If your threads are "free" you can just run 400 copies of a synchronous code and blocking in one just frees the thread to work on other. async within same goroutine is still very much opt in (you have to manually create goroutine that writes to channel that you then receive on), it just isn't needed where "spawn a thread for each connecton" costs you barely few kb per connection.
except when a RAM fetch is so expensive a load is basically an async call - and it's a single machine code instruction at the same time
Every explanation of the feature starts with managing callback hell.
Threads offer concurrent execution, async (futures) offer concurrent waiting. Loosely speaking, threads make sense for CPU bound problems, while async makes sense for IO bound problems.
For problems that aren't overly concerned with performance/memory, yes. You should probably reach for threads as a default, unless you know a priori that your problem is not in this common bucket.
Unfortunately there is quite a lot of bookkeeping overhead in the kernel for threads, and context switches are fairly expensive, so in a number of high performance scenarios we may not be able to afford kernel threading
But what you said about kernel implementation is true. But are we really saying that the primary motivation for async/await is performance? How many programmers would give that answer? How many programs are actually hitting that bottleneck?
Doesn’t that buck the trend of every other language development in the past 20 years, emphasizing correctness and expressively over raw performance?
Of course - what else would it be? The whole async trend started because moving away from each http request spawning (or being bound to) an OS thread gave quite extreme improvements in requests/second metrics, didn't it?
What I question is whether 1. Most programs resemble that, so that they make it an invasive feature of every general purpose language. 2. Whether programmers are making a conscious choice because they ruled out the perf overhead of the simpler model we have by default.
The original motivation for not using OS threads was indeed performance. Async/await is mostly syntax sugar to fix some of the ergonomic problems of writing continuation-based code (Rust more or less skipped the intermediate "callback hell" with futures that Javascript/Python et al suffered through).
It's all nuanced and what to choose requires careful evaluation.
Most stacks are tiny and have bounded growth.
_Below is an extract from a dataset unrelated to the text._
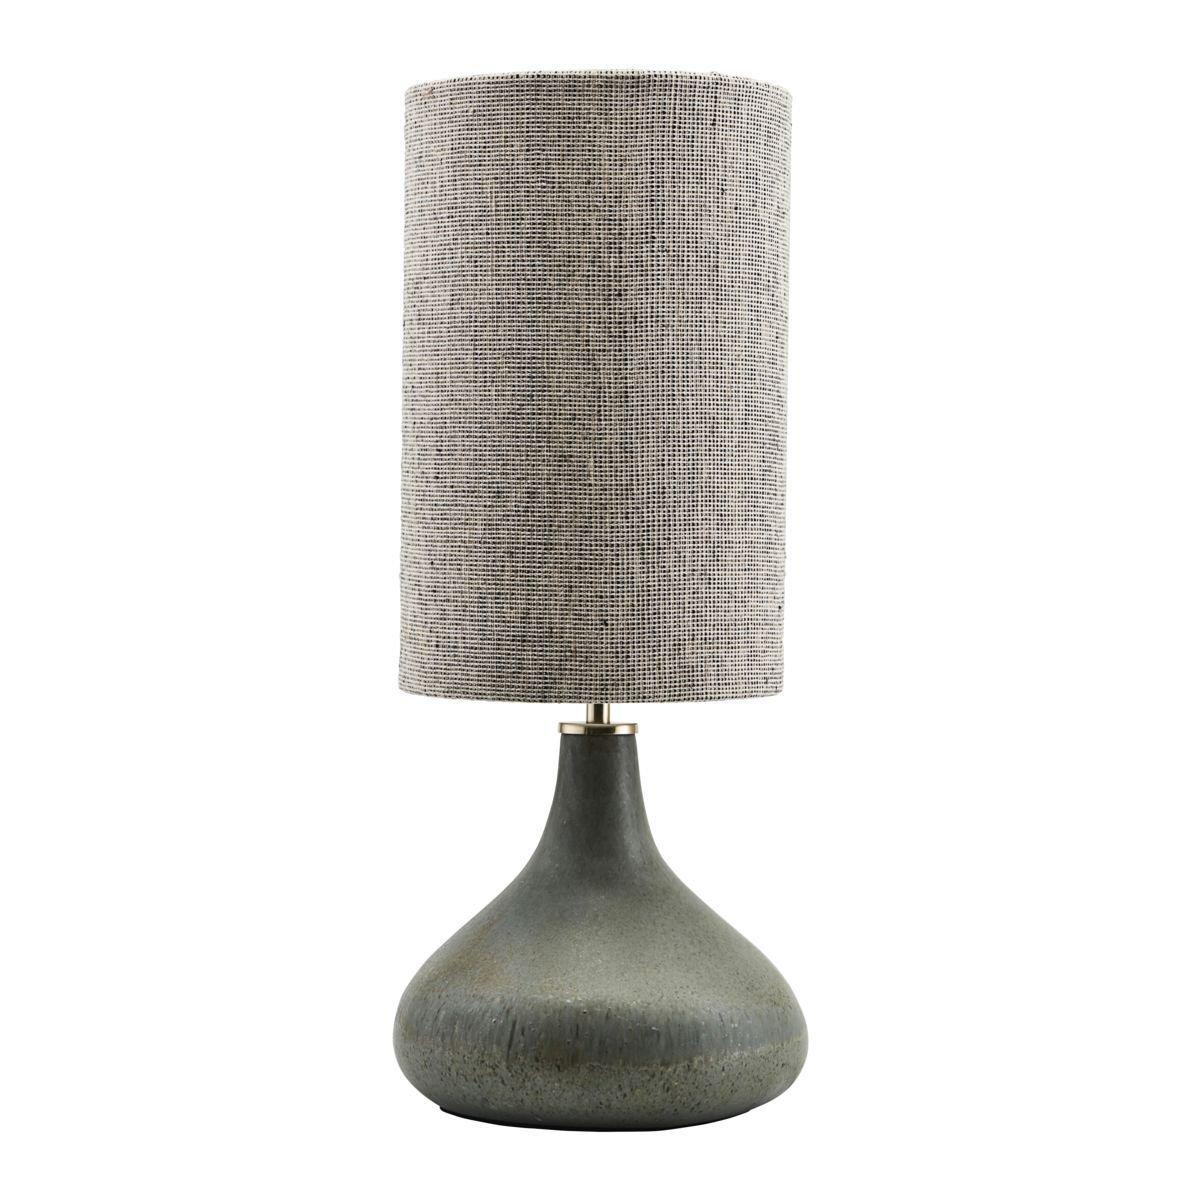 image-STOWE TABLE LAMP - SAGE

Really large stacks usually happen with deep recursion, but it's not a very common pattern in non-functional languages (and functional languages have tail call optimization). OS threads allocate megabytes upfront to accommodate the worst case, which is not that common. And a tiny stack is very fast to copy. The larger the stack becomes, the less likely it is to grow further.
>cannot have pointers to stack objects
In Go, pointers that escape from a function force heap allocation, because it's unsafe to refer to the contents of a destroyed stack frame later on in principle. And if we only have pointers that never escape, it's relatively trivial to relocate such pointers during stack copying: just detect that a pointer is within the address range of the stack being relocated and recalculate it based on the new stack's base address.
Yes, you're not getting Rust performance (tho good part of it is their own compiler vs using all LLVM goodness) but performance is good enough and benefits for developers are great, having goroutines be so cheap means you don't even need to do anything explicitly async to get what you want
Now the languages that don't offer choice is another matter.
I also want to address something that I've seen in several sub-threads here: Rust's specific async implementation. The key limitation, compared to the likes of Go and JS, is that Rust attempts to implement async as a zero-cost abstraction, which is a much harder problem than what Go and JS does. Saying some variant of "Rust should just do the same thing as Go", is missing the point.